Action item - Without its pictures, the listing below is to be transcribed exactly.
------ Stored data
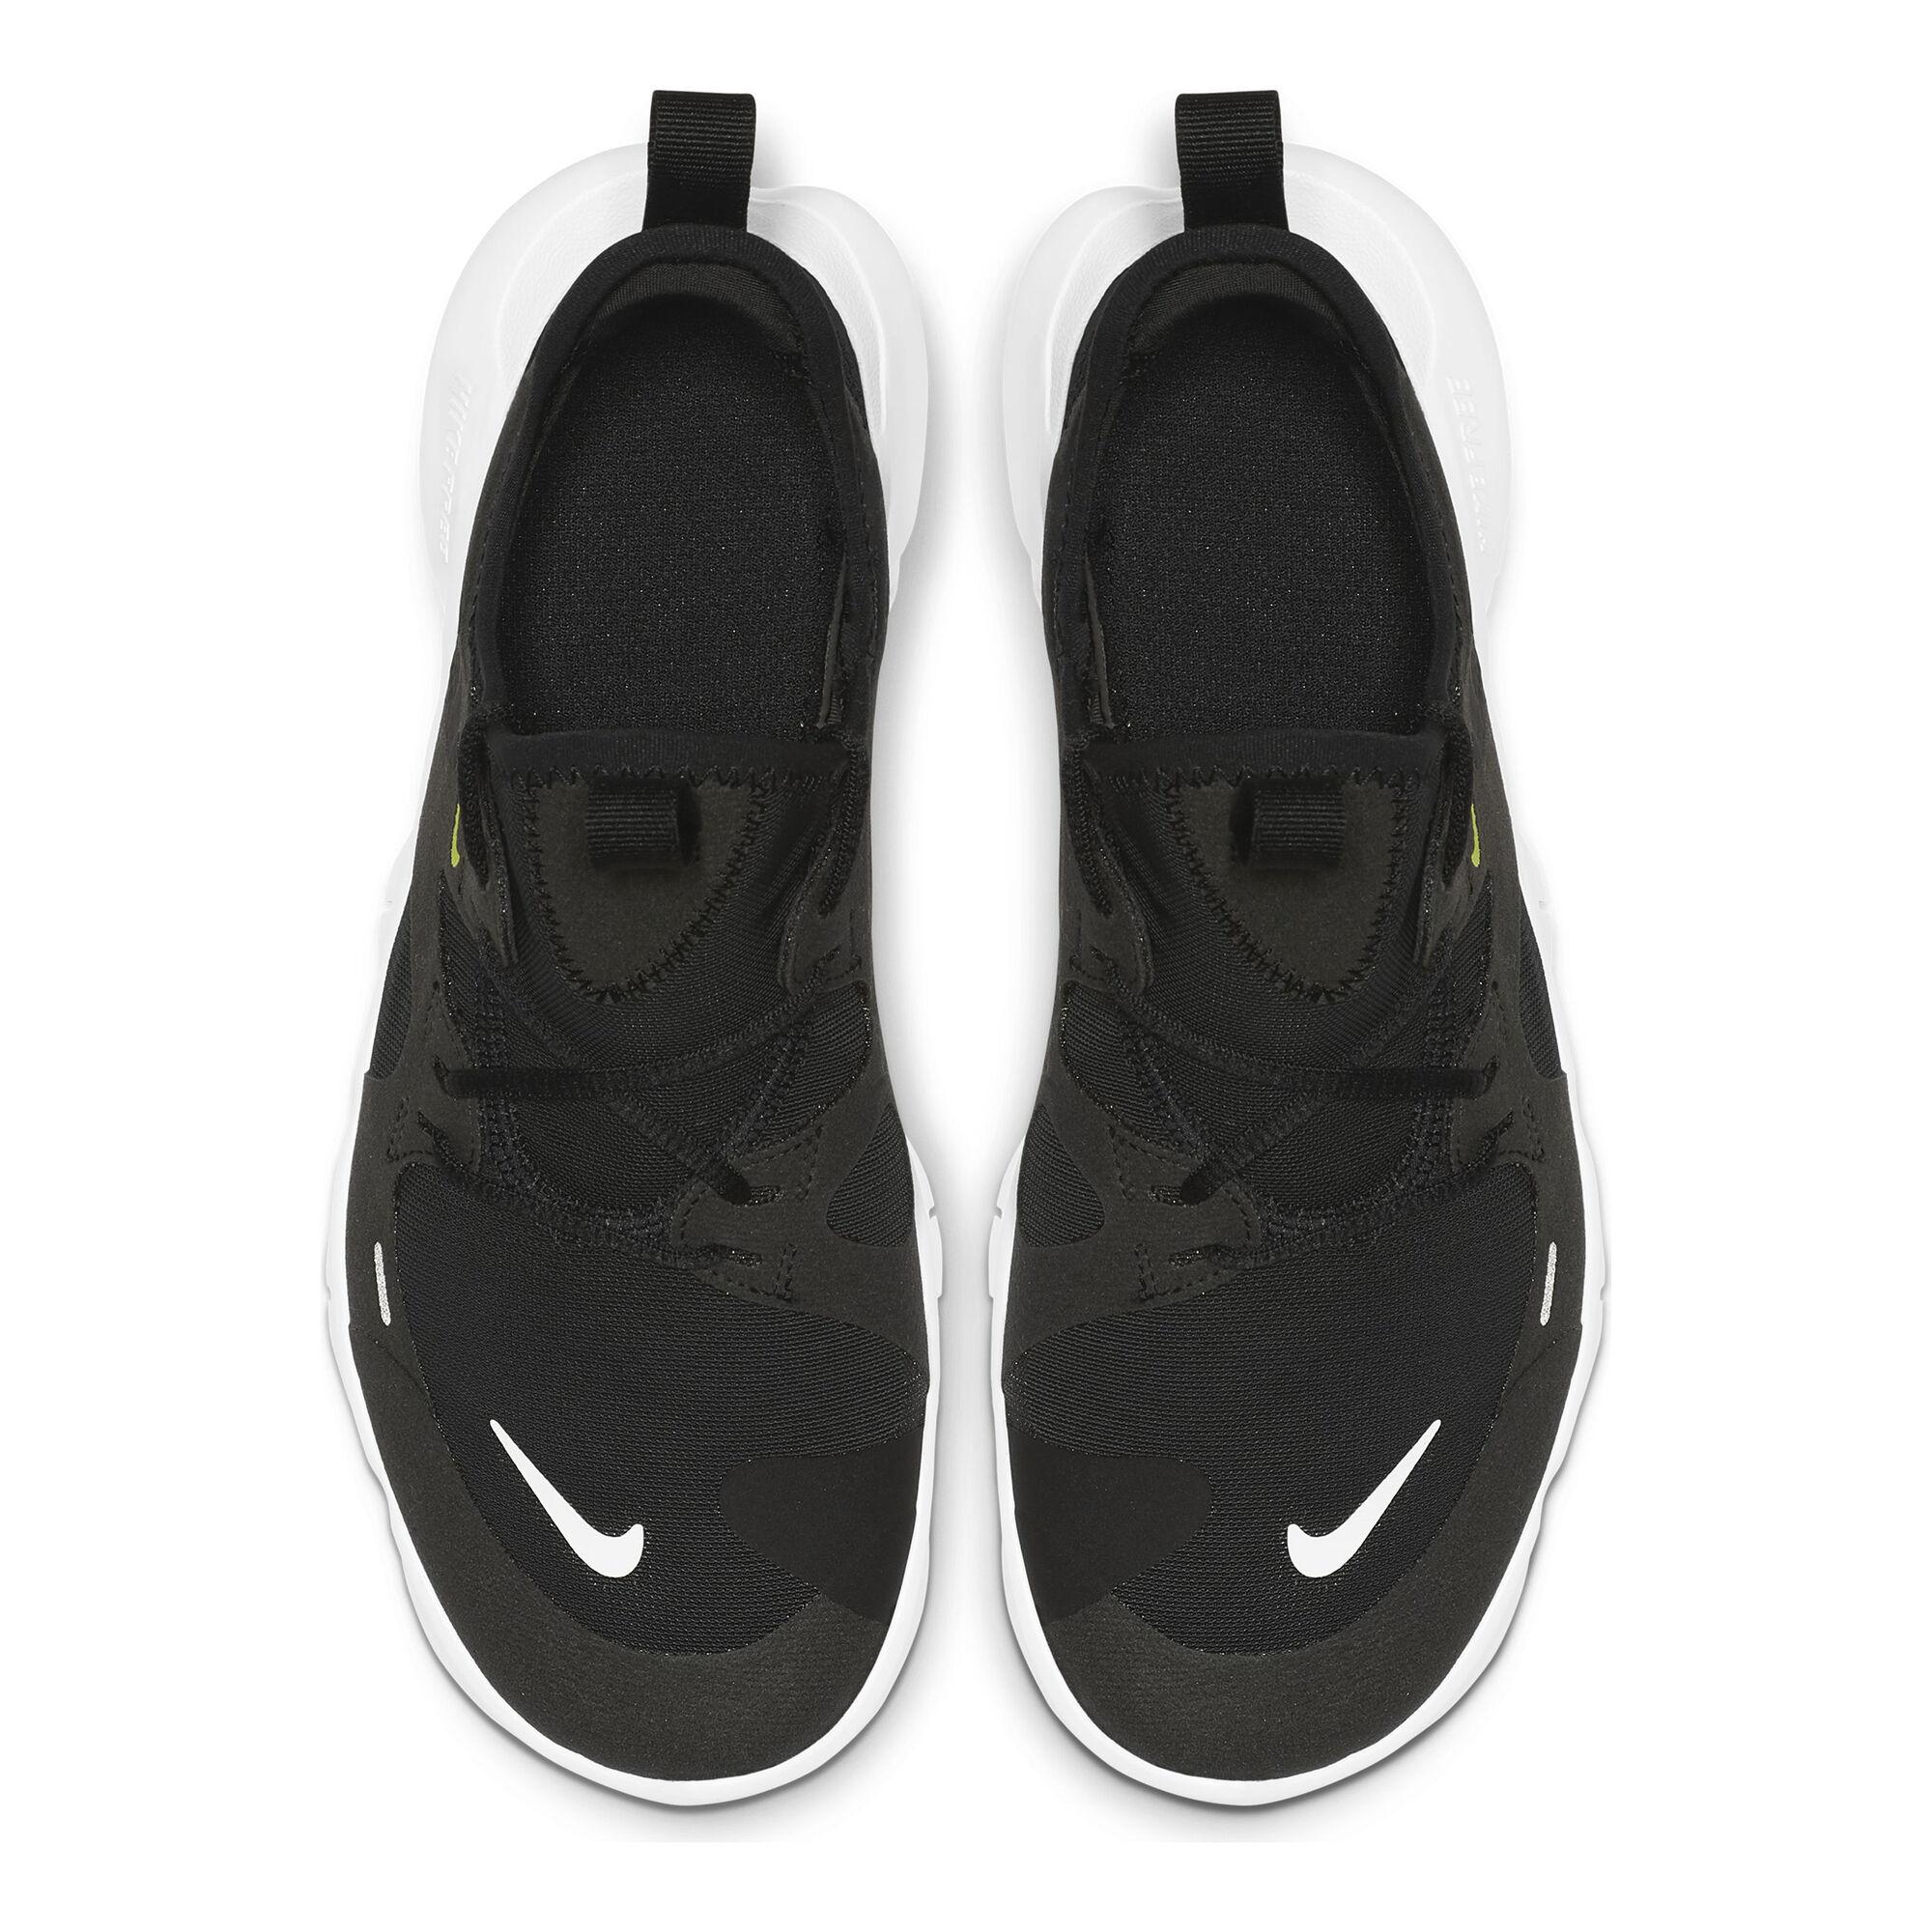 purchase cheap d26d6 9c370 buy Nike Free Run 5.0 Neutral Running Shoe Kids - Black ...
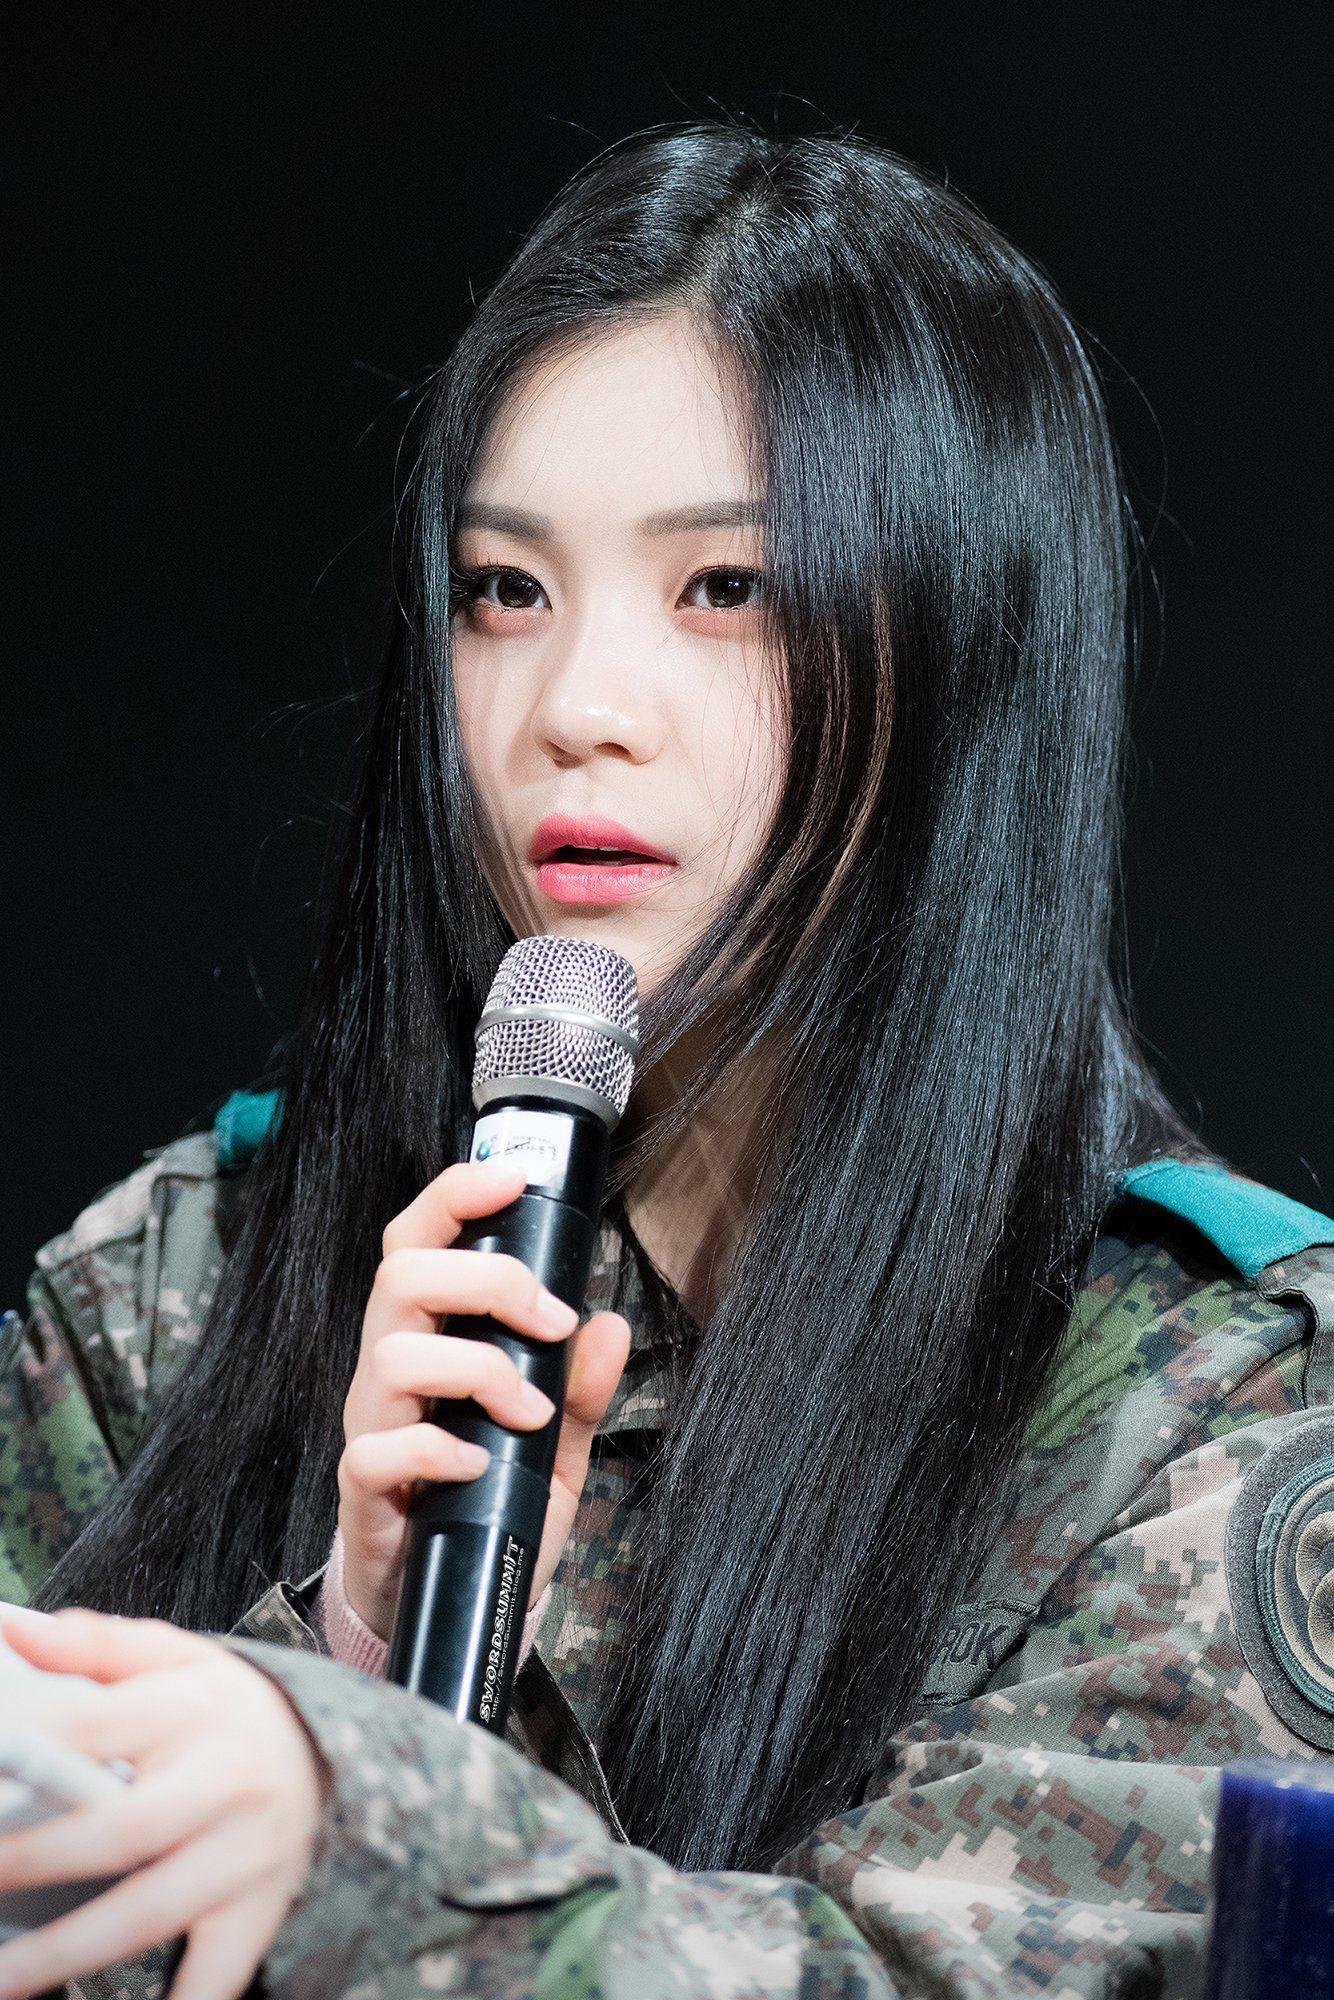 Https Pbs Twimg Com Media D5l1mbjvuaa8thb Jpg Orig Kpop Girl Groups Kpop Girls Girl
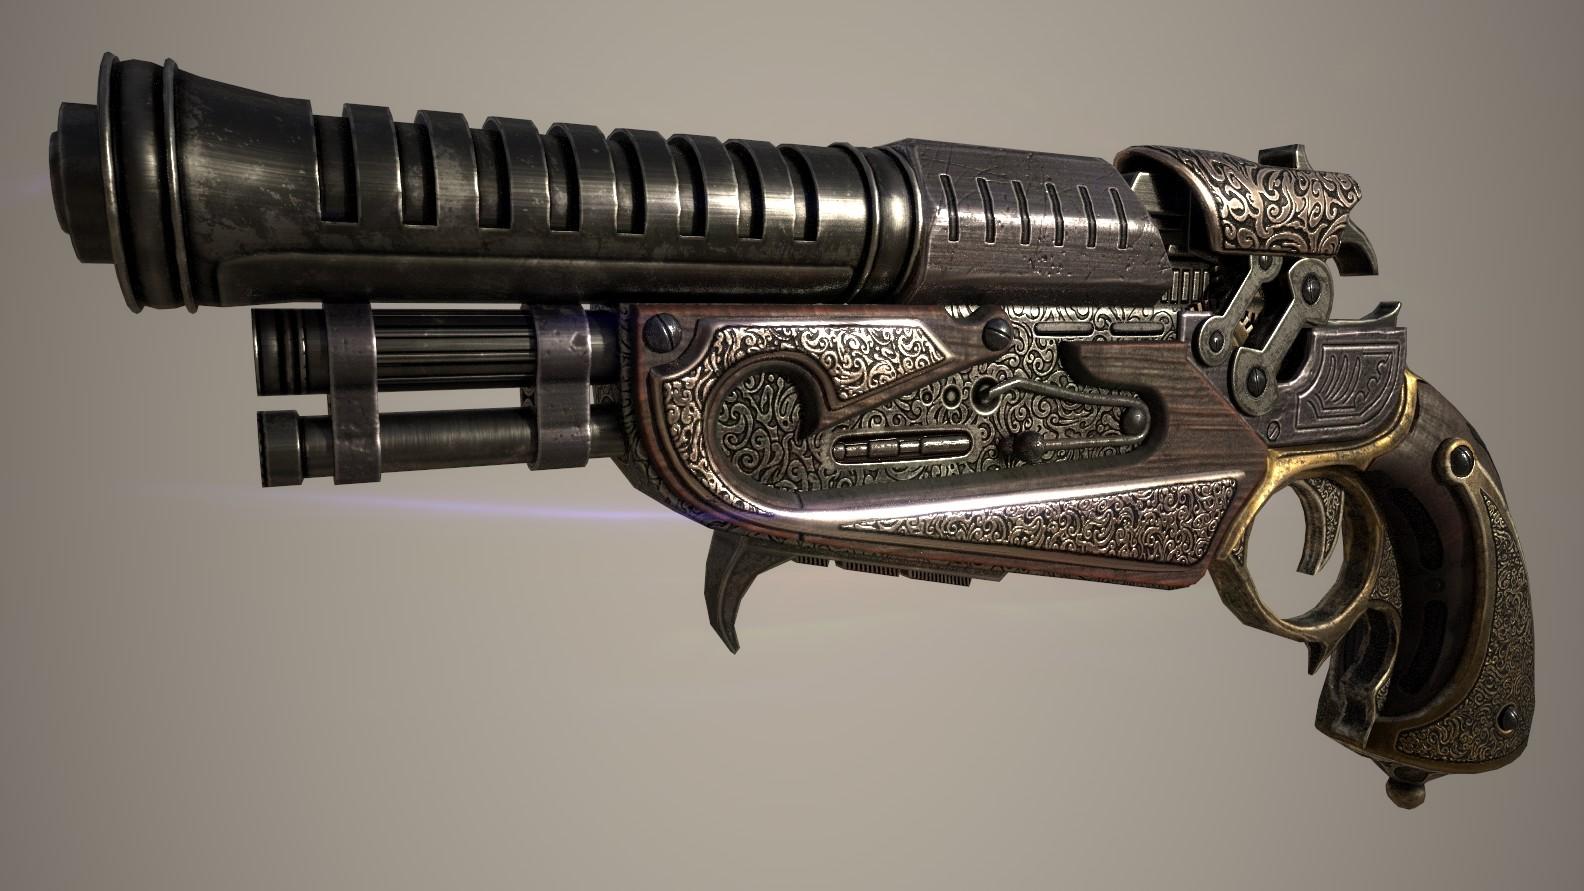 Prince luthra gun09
------------
Output for this task -
 purchase cheap d26d6 9c370 buy Nike Free Run 5.0 Neutral Running Shoe Kids - Black ...
 Https Pbs Twimg Com Media D5l1mbjvuaa8thb Jpg Orig Kpop Girl Groups Kpop Girls Girl
 Prince luthra gun09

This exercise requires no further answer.